DAVID WAKEFIELD I've never thought of coffee as a major conversation subject - despite the fact that Bach wrote a cantata to be specially performed in a coffee house in Leipzig.

DAVID WAKEFIELD

I've never thought of coffee as a major conversation subject - despite the fact that Bach wrote a cantata to be specially performed in a coffee house in Leipzig. Well, apparently Lutherans loved it - coffee that is - and music lovers throughout the generations have enjoyed the cantata, despite the fact that the libretto's literal English translation is rather silly.

For my part I've always loved Turkish coffee, that thick, usually sweet and potent mix served in a tiny cup, and frequently feel that I am the only non-Turkish person on the planet to do so. I will admit that I first tried it after reading From Russia With Love, an Ian Fleming thriller in which Agent 007 spends some time in Istanbul and, as ever, sticks rigidly to the appropriate local cuisine. Yes, and, like James Bond, I have mine medium sweet even though I don't have sugar in any other drink. It just seems right that way.

My personal regret is that Turkish coffee in latter years has been largely superceded by the ubiquitous, and more fashionable, espresso. But it's still widely available, and as long as you don't ask for it by name in a restaurant under Greek management, then there's generally not a problem.

When my wife and I decided to visit the newly-opened Marmaris Turkish restaurant, which occupies the building that I first remember as The Thorn pub, but which has enjoyed several other existences since then, there could be only one way in which I could finish my meal. As Turkish coffees go, this was a particularly good one, and I chanced to mention this fact to the waitress, adding that it was the best I had tasted since holidaying in Turkey last year.

I was making conversation. She, on the other hand, thought my comments worthy of higher recognition, for, seconds later, the staff member (who turned out to be her husband!) who had made the coffee came out, wreathed in smiles, to give me a full explanation of his methods, even giving me a close-up of the pot used.

I can honestly say that, after many years of visiting restaurants, this was a first for me - in England, that is. But it is fairly typical of the rapport that one experiences at the dining table in other parts of the world, and Turkey in particular. This may have been Ber Street in Norwich, and not Istanbul's Istiklal Street; but this little, totally unsolicited incident brought a warm glow of authenticity to the occasion.

The Marmaris, thought to be the city's first Turkish restaurant, has a nice friendly atmosphere, with chatty staff. In daylight it appears fairly unprepossessing but, in more subdued light, it takes on a really cosy atmosphere.

From a fairly short wine list we selected a Villa Doluca dry white, from Turkey's small, but nicely-formed wine industry, and studied the menu. Despite the exotic names, Turkish cuisine tends to be fairly straightforward and mainly meat-based - although the Marmaris offers fish and even three veggie dishes, too.
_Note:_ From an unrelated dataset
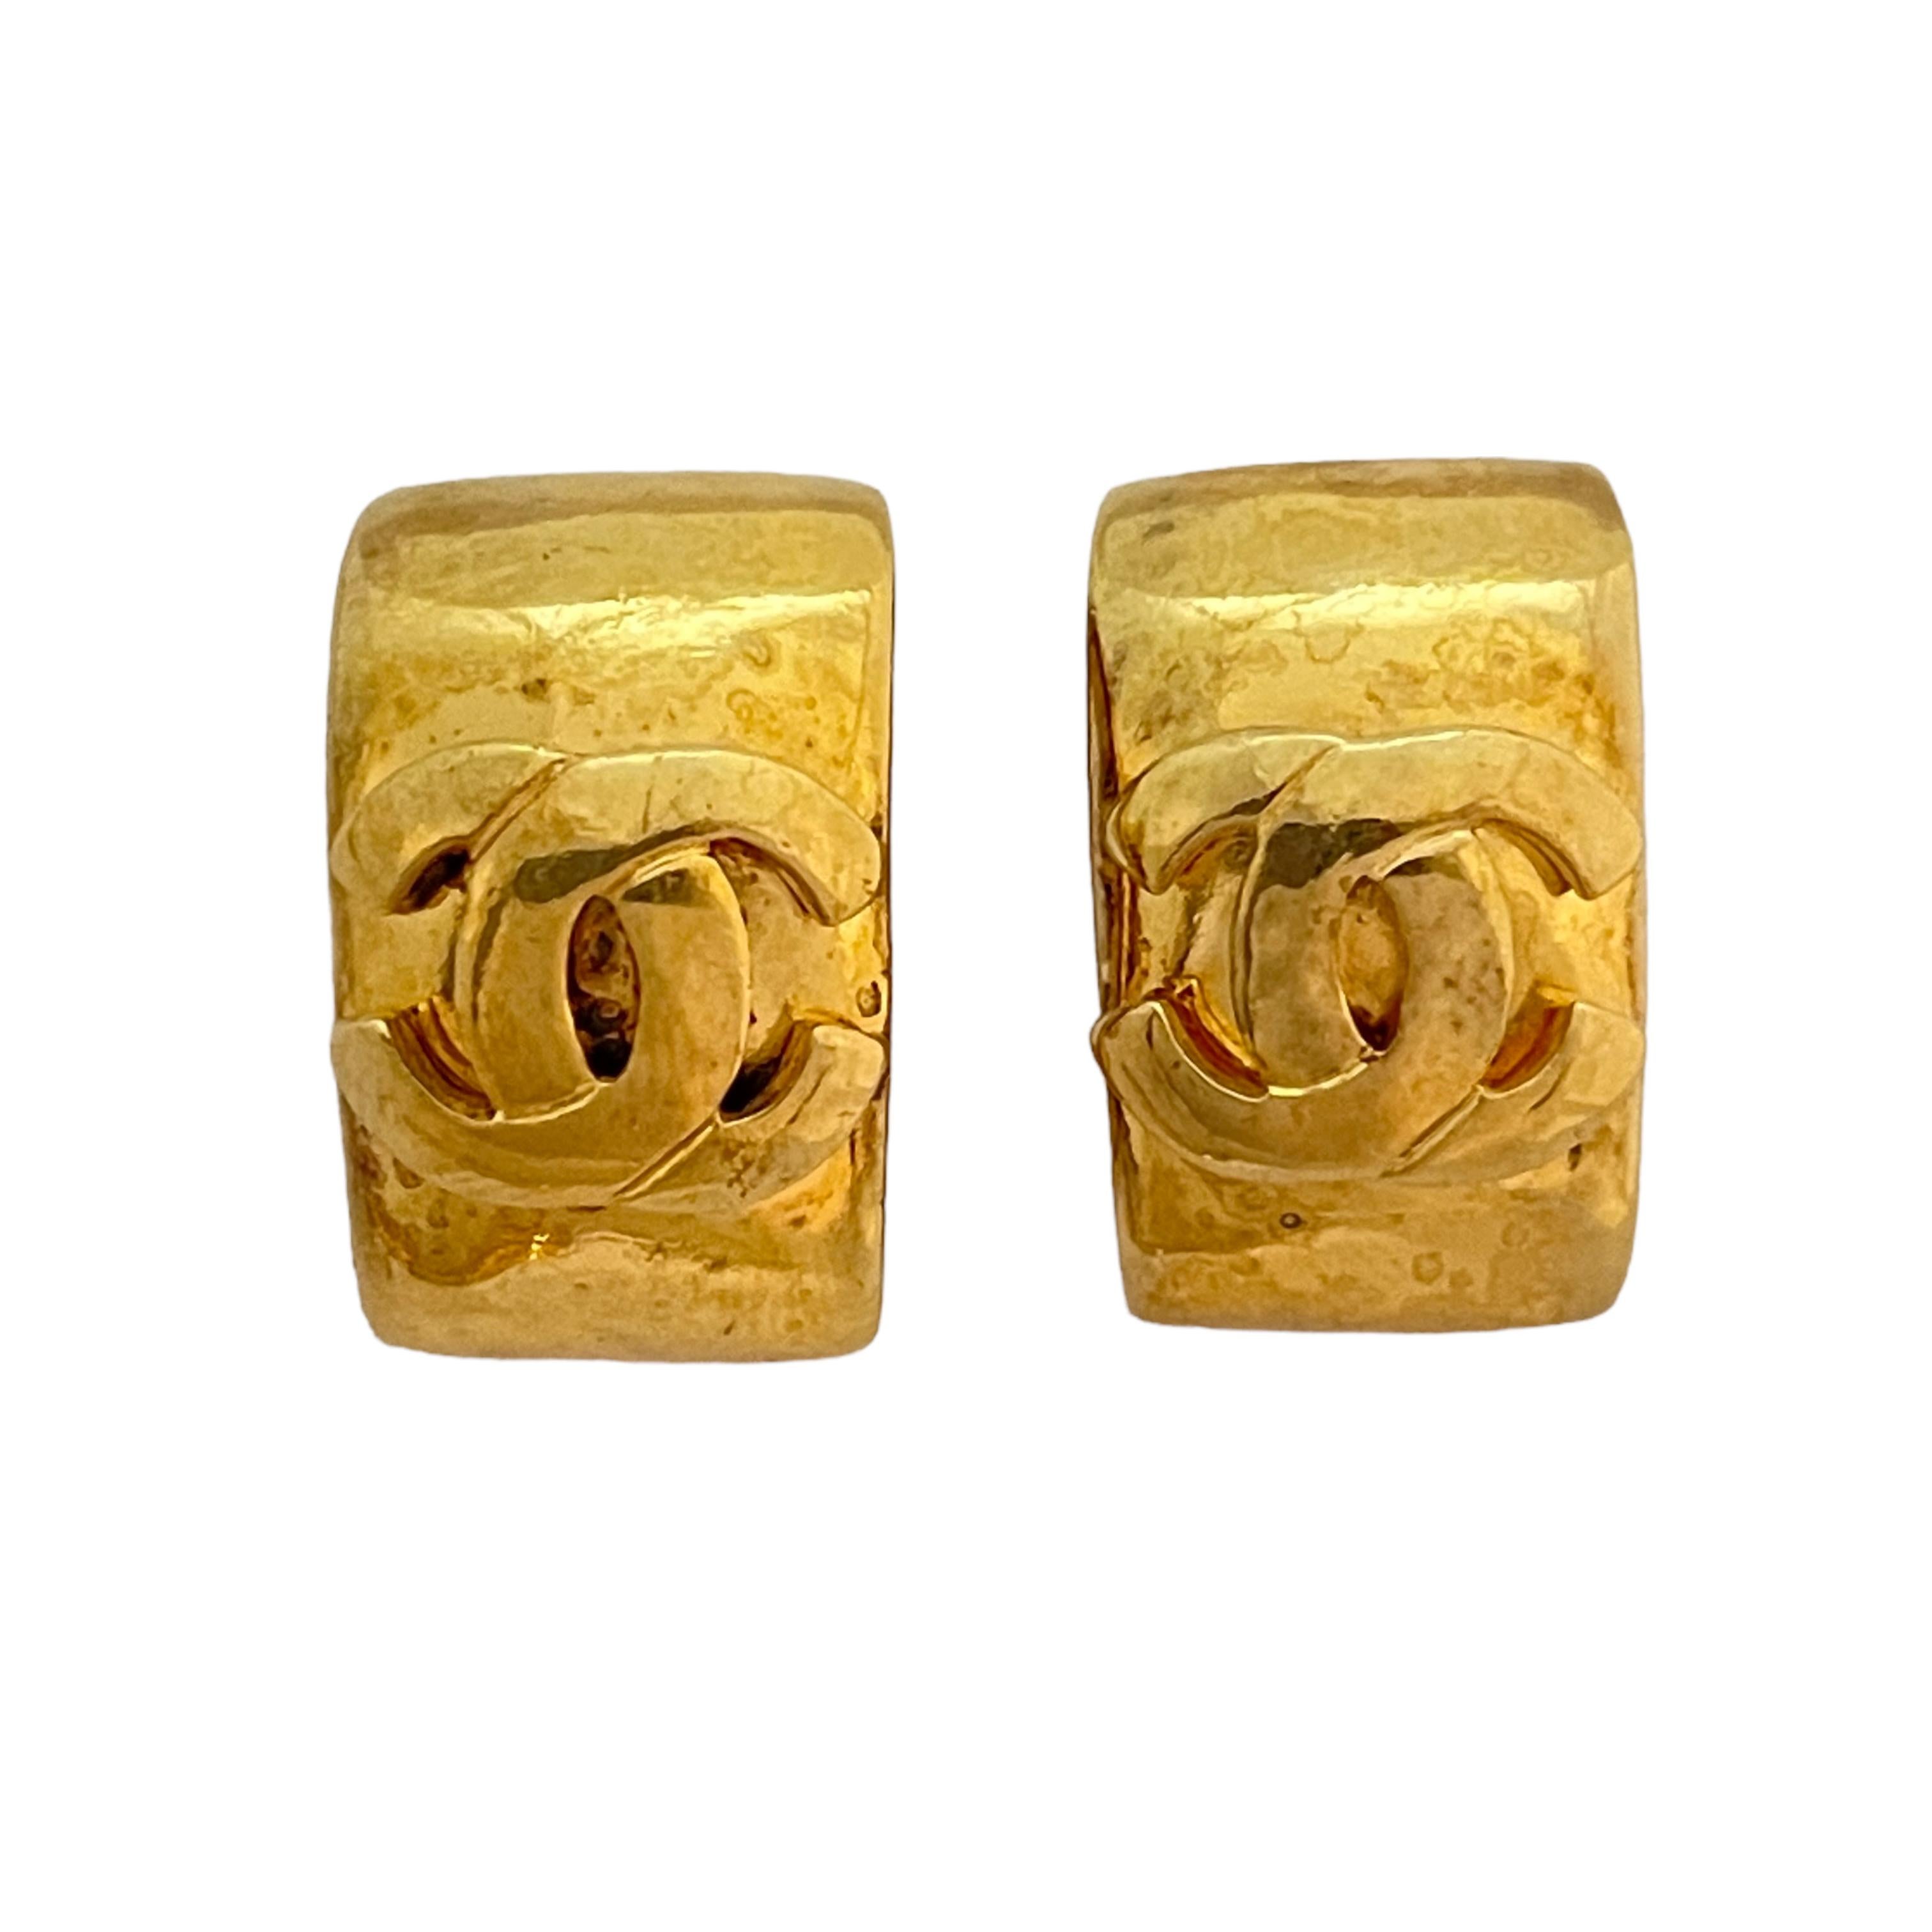 Vtg CHANEL CC logo Made in France gold door knocker clip on earrings In Good Condition For Sale In Palos Hills, IL

For a starter, my wife chose the Kisir (crushed wheat salad with tomato, onion, green pepper, celery, lemon juice and olive oil) at £3, while I selected the Sarma (stuffed vine leaves with rice, mint, dill, parsley, pine nuts, olive oil and sultanas) at £3.50. This dish is one of my favourites, and it didn't disappoint, while the Kisir was pronounced a success, too.

Our main courses were Iskender (grilled layers of chicken, lamb and kofte, on a bed of crispy bread, dressed with yoghurt and tomato sauce) at £10.50 for my wife, while I chose the Kul Basti (fillet of lamb grilled with herbs, served with rice and salad) at £10. Both these dishes were much as we remembered them in Turkey, with meat nicely marinated and full of flavour, and the dishes both carefully presented.

Dessert menus in Turkey are usually fairly perfunctory (perhaps such things aren't considered very manly!) but generally include the baklava, which I love, and various ice creams. On this occasion, our portions had been so generous that I opted for that coffee instead. Our bill, with wine and coffee, was a very reasonable £43.

The Marmaris is a friendly place, and, while we were there, families with children were enjoying an evening out and it was all nicely informal. Perhaps for those who consider themselves to be more sophisticated diners this may not be quite the ticket; but this establishment seems to me to fill a useful gap in the market, and is an interesting and most welcome addition to the city's already bulging portfolio of restaurants.

It's well worth a visit - and, by the way, do try the coffee!

t Marmaris, 25 Ber Street, Norwich; 01603 638999

t Where is it? Not far from John Lewis.

t Can I park? There is a fair amount of on-street parking nearby, but the Castle Mall and Rouen Road car parks are handy, too.

t Do I need to book? Possibly advisable at a weekend.

t Suitable for children? On the evidence of our visit, yes, although there is no special children's menu. It's difficult to imagine a Turkish-owned restaurant at which little ones were not welcome!

t Facilities for disabled? There is wheelchair access, and toilets are equipped for disabled guests.